I think our our father’s I think generation was risk averse, we are my generation is a little bit more you know good are taking more risks and the next generation which is the tech one is taking huge risks because I think you know right now a lot of action is happening in ecommerce and so on and so forth. Lot of money is growing into ecommerce and I wish I was there somewhere because you know the kind of money they are getting. So I think it’s the question of risk and return. So higher risk you take and and you do it well, I think the return is higher.

Interviewer: And opportunity of course, because India is suddenly becoming the hotbed of opportunity. Now opportunity that your parent’s generation did not possibly see in that context.

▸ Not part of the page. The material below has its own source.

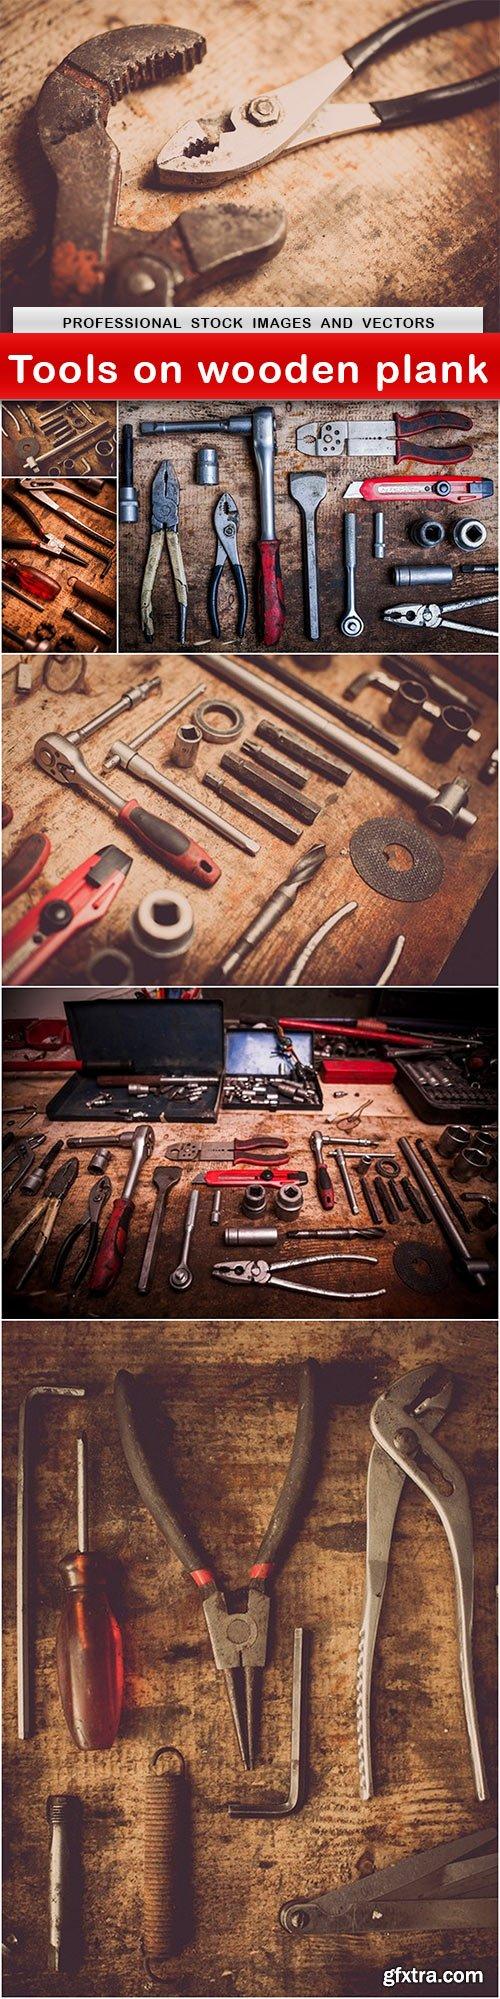 Tools on wooden plank - 7 UHQ JPEG

Exactly, exactly, I agree.

Interviewer: Last question, a message for upgrad and what they are doing on the online side. How how significant can it be overall and what would your message to upgrad be.

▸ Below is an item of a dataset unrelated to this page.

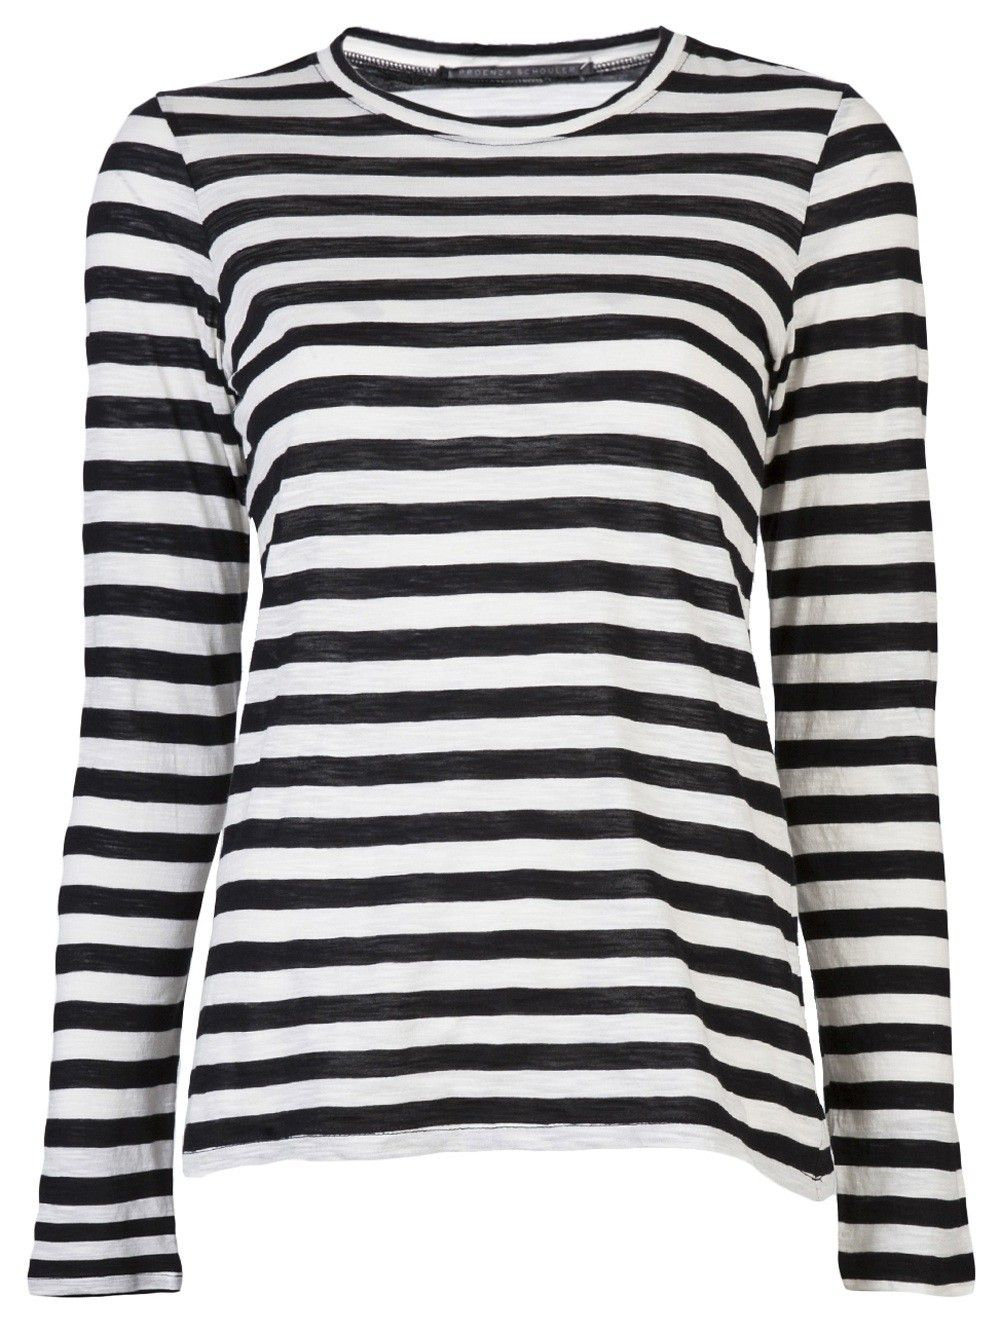 Proenza Schouler Long Sleeve Striped T-shirt http://roanshop.com ...

For me, upgrad is it would be something which every industry will have to use. We all need skilled people and coming out of institution towards a company may be FMCG or FNB, you need a little bit of sharpening up your skills and again it’s the online training which you require, I think it will be if it’s done well it’s a good project. If it’s done well I think it will do fabulously and all industry will require it.

Interviewer: Thanks Amit

Thank you very much.

Interviewer: That was great Amit, thank you so much

Thank you.

Amit Burman - Vice Chairman , Dabur
ABOUT THE SPEAKER
Amit Burman - Vice Chairman , Dabur - Amit Burman is vice chairman of Indian consumer goods firm Dabur. An MBA from Cambridge University, he started off in Dabur's industrial engineering department where he worked on mechanisation and packaging. He went on to lead Dabur's foray into processed foods spanning the gamut from cooking pastes to fruit juices. He also has stakes in other privately held businesses such as restaurant chain Lite Bite Foods and many more.